» Exercise inputs:
-- -- --
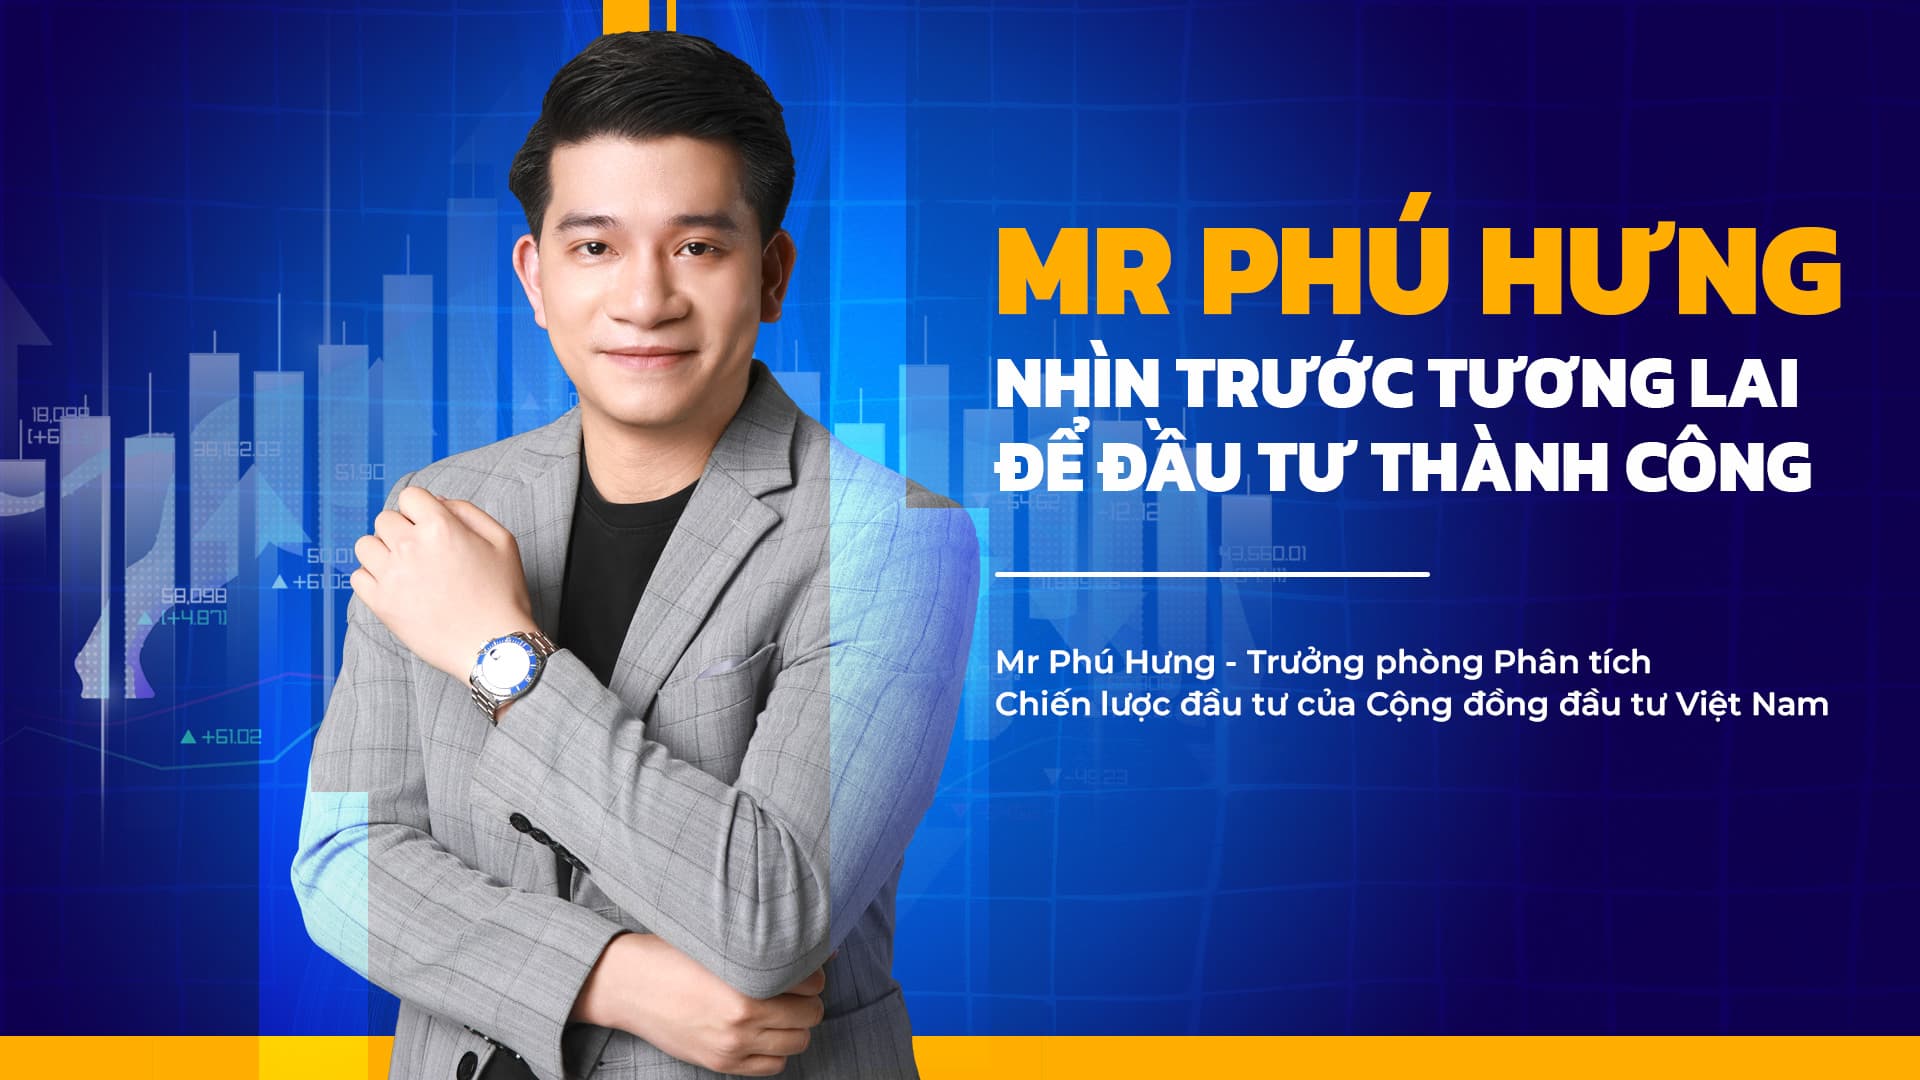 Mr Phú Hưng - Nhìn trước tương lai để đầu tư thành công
-- -- --
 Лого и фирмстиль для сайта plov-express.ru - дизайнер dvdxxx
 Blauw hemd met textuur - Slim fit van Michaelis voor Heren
-- -- --
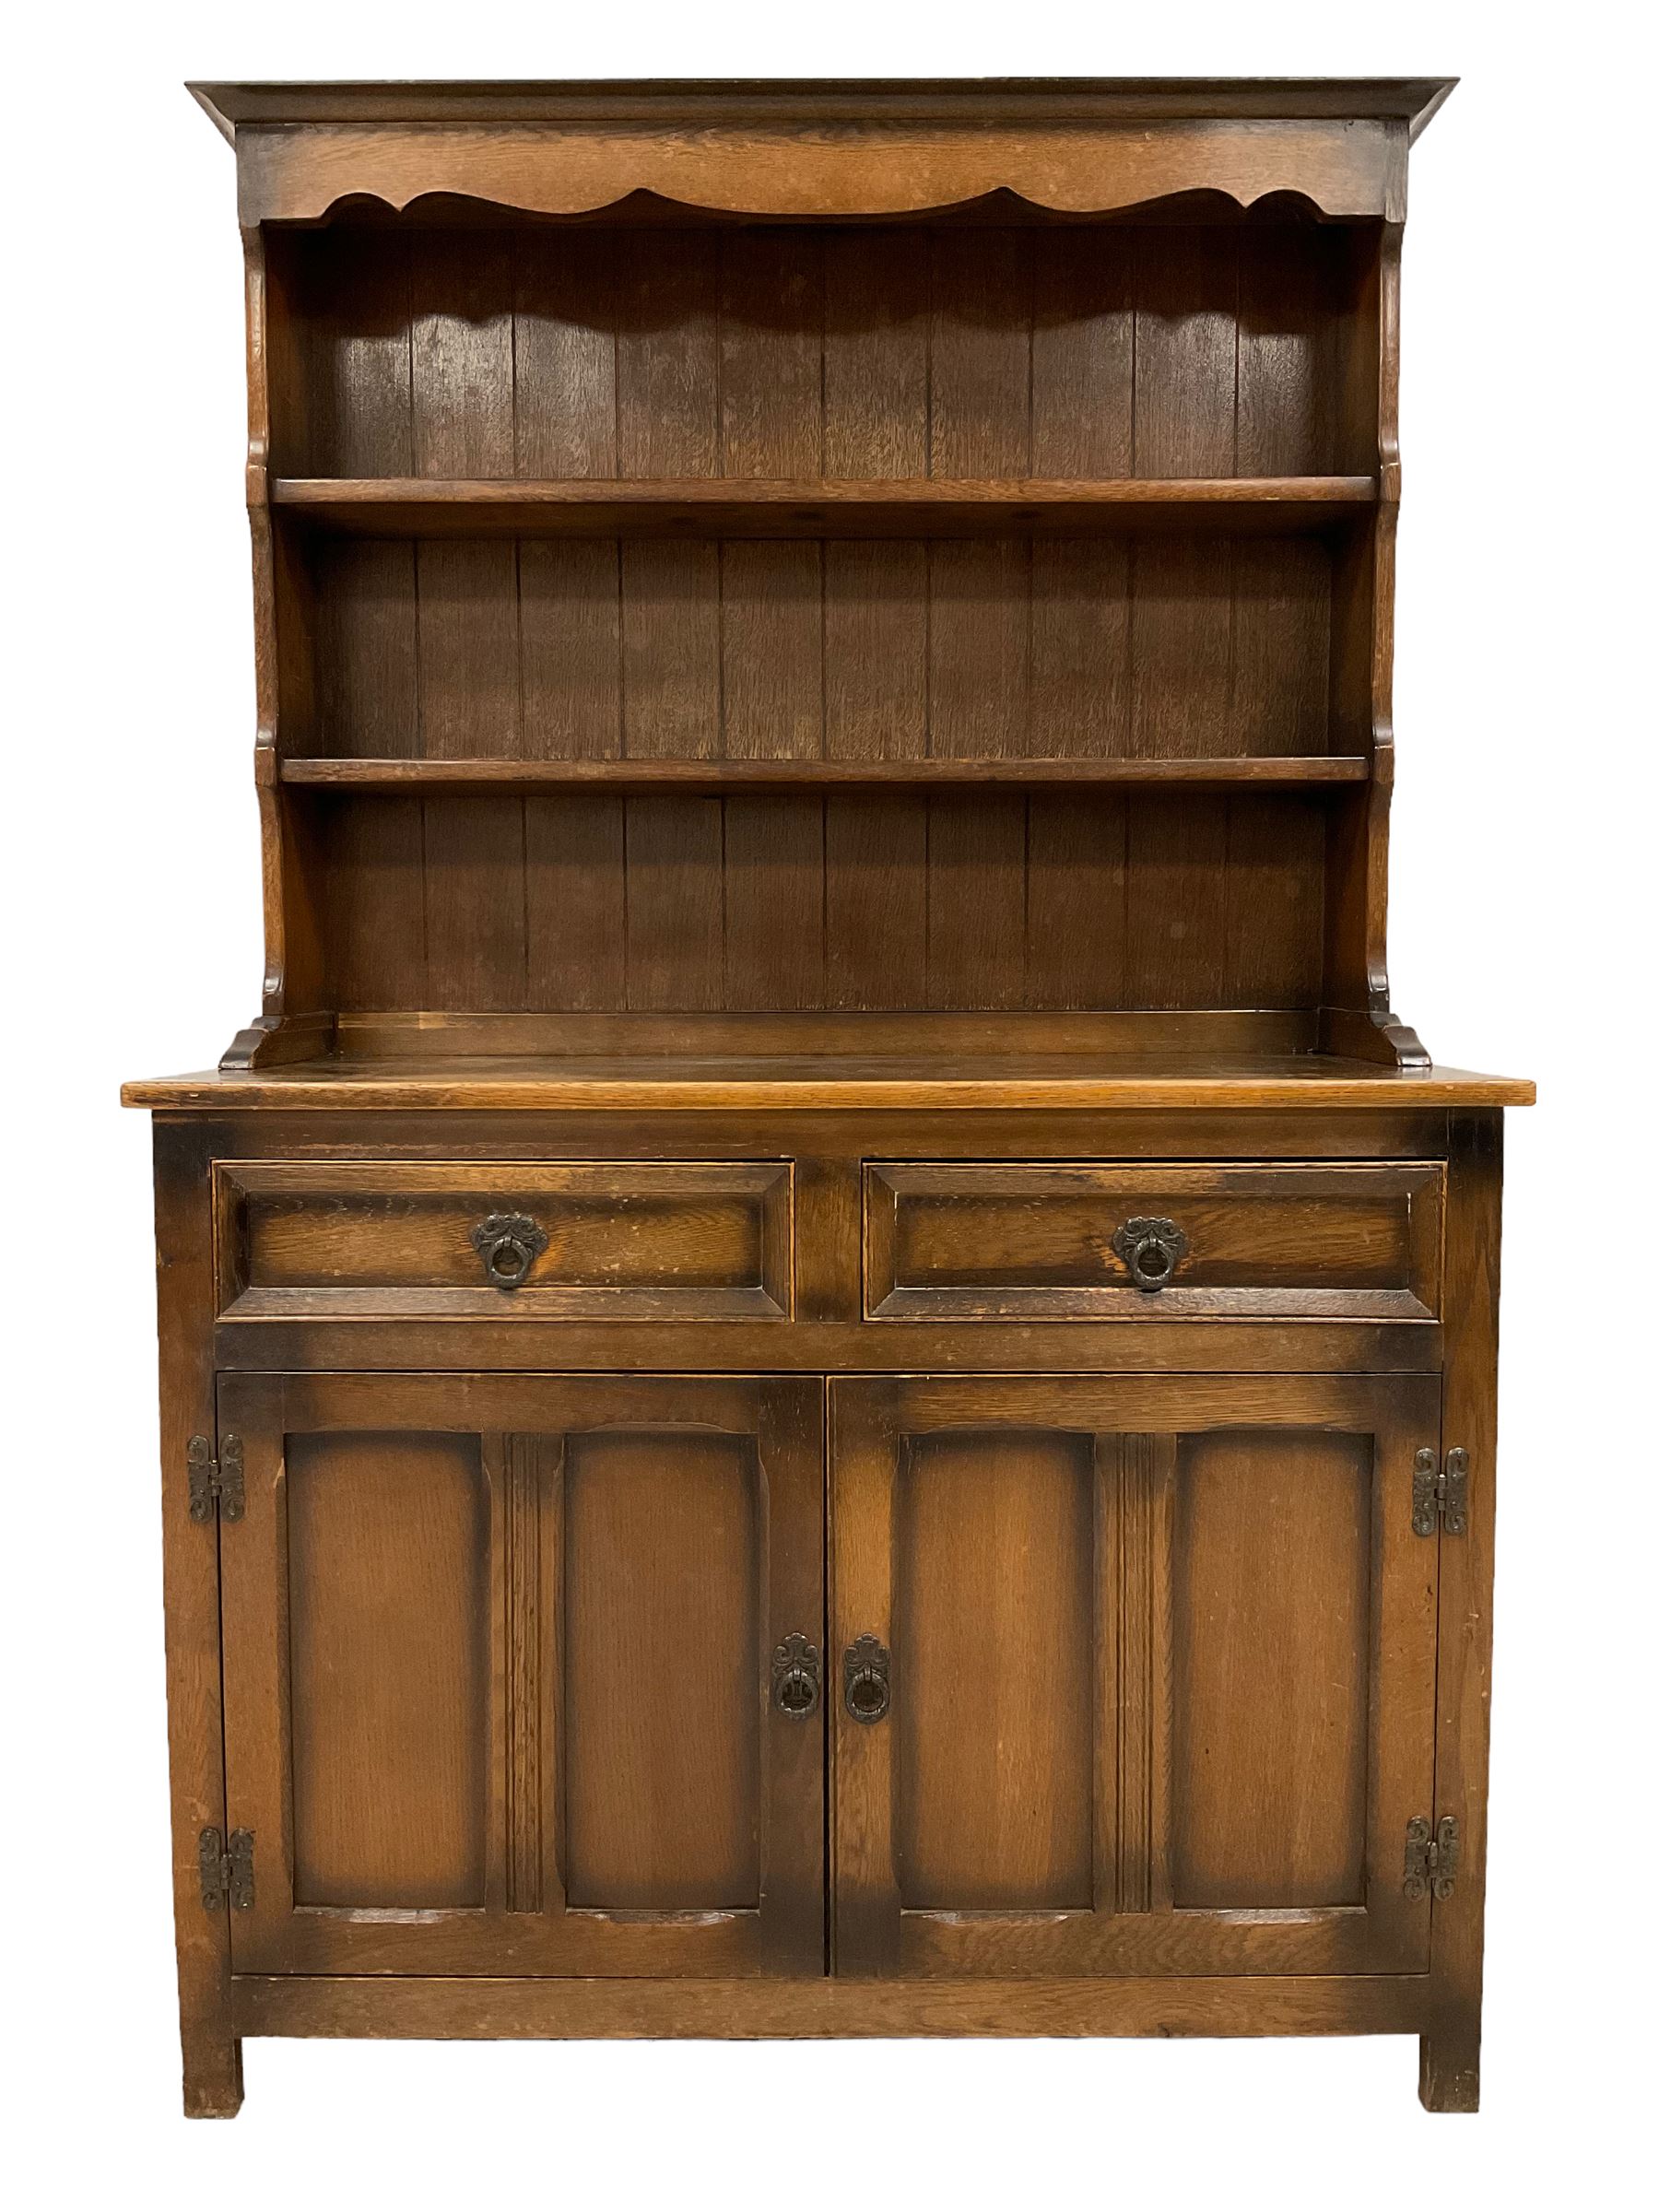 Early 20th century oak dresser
-- -- --
» Task instructions:
In the listing above, the lines from the one containing "Лого и фирмстиль" through the one containing "Blauw hemd met" must be set down exactly, with no other lines.

» Task result:
 Лого и фирмстиль для сайта plov-express.ru - дизайнер dvdxxx
 Blauw hemd met textuur - Slim fit van Michaelis voor Heren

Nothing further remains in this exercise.